Collected data entries
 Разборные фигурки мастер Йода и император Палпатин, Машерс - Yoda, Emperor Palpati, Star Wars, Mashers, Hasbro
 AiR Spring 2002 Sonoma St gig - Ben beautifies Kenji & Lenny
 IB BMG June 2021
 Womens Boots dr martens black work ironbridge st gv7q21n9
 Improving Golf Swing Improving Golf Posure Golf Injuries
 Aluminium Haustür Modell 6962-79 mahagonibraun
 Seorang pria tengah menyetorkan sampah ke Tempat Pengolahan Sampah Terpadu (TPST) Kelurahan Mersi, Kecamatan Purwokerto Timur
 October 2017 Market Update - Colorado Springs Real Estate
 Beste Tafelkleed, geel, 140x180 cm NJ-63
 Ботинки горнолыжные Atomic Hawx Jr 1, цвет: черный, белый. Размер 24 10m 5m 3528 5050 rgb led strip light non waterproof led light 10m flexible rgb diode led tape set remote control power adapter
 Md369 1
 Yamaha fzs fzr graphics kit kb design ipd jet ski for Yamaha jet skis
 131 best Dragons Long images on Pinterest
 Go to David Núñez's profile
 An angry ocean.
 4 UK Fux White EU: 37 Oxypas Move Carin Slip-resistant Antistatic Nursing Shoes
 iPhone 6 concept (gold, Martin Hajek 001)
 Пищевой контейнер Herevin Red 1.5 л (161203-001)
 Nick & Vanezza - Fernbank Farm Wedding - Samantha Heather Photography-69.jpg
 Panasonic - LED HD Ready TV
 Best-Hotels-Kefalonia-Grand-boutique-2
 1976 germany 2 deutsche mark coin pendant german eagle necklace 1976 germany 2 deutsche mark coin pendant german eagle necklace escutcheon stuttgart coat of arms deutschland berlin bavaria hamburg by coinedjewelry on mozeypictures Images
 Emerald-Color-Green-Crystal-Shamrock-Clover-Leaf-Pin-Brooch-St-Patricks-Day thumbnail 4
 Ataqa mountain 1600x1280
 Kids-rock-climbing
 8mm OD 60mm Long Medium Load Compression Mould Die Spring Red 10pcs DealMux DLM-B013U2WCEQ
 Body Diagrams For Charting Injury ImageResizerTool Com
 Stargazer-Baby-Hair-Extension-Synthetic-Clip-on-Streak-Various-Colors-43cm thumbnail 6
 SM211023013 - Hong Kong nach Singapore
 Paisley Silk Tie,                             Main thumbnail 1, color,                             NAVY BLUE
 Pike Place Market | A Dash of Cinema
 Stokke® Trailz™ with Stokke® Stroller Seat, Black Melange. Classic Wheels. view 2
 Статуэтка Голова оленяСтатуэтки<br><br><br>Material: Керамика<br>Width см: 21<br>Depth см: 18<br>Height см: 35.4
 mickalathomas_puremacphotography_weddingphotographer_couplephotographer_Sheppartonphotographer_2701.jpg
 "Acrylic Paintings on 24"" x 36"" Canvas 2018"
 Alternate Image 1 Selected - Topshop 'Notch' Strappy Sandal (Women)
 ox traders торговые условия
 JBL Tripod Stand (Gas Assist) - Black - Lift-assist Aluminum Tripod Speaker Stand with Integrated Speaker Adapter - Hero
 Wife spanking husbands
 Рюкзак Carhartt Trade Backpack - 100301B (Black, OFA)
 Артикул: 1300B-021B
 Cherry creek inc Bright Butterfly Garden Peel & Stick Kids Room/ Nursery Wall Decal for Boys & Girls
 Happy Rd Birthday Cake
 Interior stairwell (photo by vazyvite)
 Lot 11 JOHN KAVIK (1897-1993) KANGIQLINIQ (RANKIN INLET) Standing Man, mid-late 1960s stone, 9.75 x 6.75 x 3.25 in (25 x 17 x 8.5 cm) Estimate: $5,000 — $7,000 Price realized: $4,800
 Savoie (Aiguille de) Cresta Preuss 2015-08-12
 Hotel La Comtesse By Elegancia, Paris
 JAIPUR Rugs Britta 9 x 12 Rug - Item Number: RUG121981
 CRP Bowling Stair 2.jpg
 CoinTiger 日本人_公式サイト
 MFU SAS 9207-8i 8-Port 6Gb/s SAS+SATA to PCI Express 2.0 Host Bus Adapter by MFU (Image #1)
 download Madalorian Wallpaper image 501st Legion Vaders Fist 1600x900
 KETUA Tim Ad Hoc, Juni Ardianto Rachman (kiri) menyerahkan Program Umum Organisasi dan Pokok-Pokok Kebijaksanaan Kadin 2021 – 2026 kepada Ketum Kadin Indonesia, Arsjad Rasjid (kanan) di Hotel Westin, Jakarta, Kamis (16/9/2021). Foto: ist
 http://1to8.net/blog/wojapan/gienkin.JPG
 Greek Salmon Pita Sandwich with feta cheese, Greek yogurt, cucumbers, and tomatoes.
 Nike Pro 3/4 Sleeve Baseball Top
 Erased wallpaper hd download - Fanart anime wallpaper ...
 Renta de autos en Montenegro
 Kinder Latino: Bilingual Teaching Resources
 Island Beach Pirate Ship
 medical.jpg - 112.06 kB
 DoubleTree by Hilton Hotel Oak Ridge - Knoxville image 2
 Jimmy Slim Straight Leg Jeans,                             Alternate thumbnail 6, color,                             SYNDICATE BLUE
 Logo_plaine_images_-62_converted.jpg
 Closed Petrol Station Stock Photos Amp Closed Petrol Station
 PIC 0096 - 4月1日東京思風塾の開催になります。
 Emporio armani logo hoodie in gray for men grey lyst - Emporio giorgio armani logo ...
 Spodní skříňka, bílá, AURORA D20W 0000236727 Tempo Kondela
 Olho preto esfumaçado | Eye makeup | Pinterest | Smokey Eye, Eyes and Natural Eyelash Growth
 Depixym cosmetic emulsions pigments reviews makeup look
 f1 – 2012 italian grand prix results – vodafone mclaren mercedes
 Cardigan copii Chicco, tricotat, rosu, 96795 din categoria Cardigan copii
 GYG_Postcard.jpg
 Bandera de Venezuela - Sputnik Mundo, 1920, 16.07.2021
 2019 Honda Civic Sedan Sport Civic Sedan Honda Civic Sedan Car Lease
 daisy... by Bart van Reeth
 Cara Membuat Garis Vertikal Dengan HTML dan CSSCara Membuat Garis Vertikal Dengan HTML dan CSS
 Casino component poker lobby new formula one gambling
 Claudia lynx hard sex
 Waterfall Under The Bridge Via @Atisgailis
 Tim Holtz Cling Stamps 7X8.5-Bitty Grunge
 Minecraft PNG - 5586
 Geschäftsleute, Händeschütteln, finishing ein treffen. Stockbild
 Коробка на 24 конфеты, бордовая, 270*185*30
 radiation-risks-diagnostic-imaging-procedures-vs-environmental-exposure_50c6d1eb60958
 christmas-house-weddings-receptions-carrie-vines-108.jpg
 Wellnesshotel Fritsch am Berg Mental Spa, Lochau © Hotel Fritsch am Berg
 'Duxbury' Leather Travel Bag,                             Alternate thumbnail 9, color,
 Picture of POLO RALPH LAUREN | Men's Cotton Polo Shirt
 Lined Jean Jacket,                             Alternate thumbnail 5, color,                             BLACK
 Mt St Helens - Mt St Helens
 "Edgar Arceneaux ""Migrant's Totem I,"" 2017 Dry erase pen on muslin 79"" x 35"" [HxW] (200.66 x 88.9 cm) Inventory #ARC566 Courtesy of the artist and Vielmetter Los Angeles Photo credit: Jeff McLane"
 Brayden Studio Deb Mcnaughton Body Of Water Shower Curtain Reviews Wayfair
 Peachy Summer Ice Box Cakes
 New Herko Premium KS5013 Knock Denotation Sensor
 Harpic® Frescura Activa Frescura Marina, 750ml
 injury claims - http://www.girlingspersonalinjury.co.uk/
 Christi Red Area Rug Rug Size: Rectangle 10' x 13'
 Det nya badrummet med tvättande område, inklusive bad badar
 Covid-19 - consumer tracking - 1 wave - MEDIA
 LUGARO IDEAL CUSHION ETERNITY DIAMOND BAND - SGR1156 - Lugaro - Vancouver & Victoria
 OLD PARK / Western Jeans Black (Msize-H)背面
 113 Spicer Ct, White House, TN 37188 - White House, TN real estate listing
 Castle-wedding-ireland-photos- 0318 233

> What this task involves: Show me all lines in the records that contain "White".

> Task response:
 4 UK Fux White EU: 37 Oxypas Move Carin Slip-resistant Antistatic Nursing Shoes
 113 Spicer Ct, White House, TN 37188 - White House, TN real estate listing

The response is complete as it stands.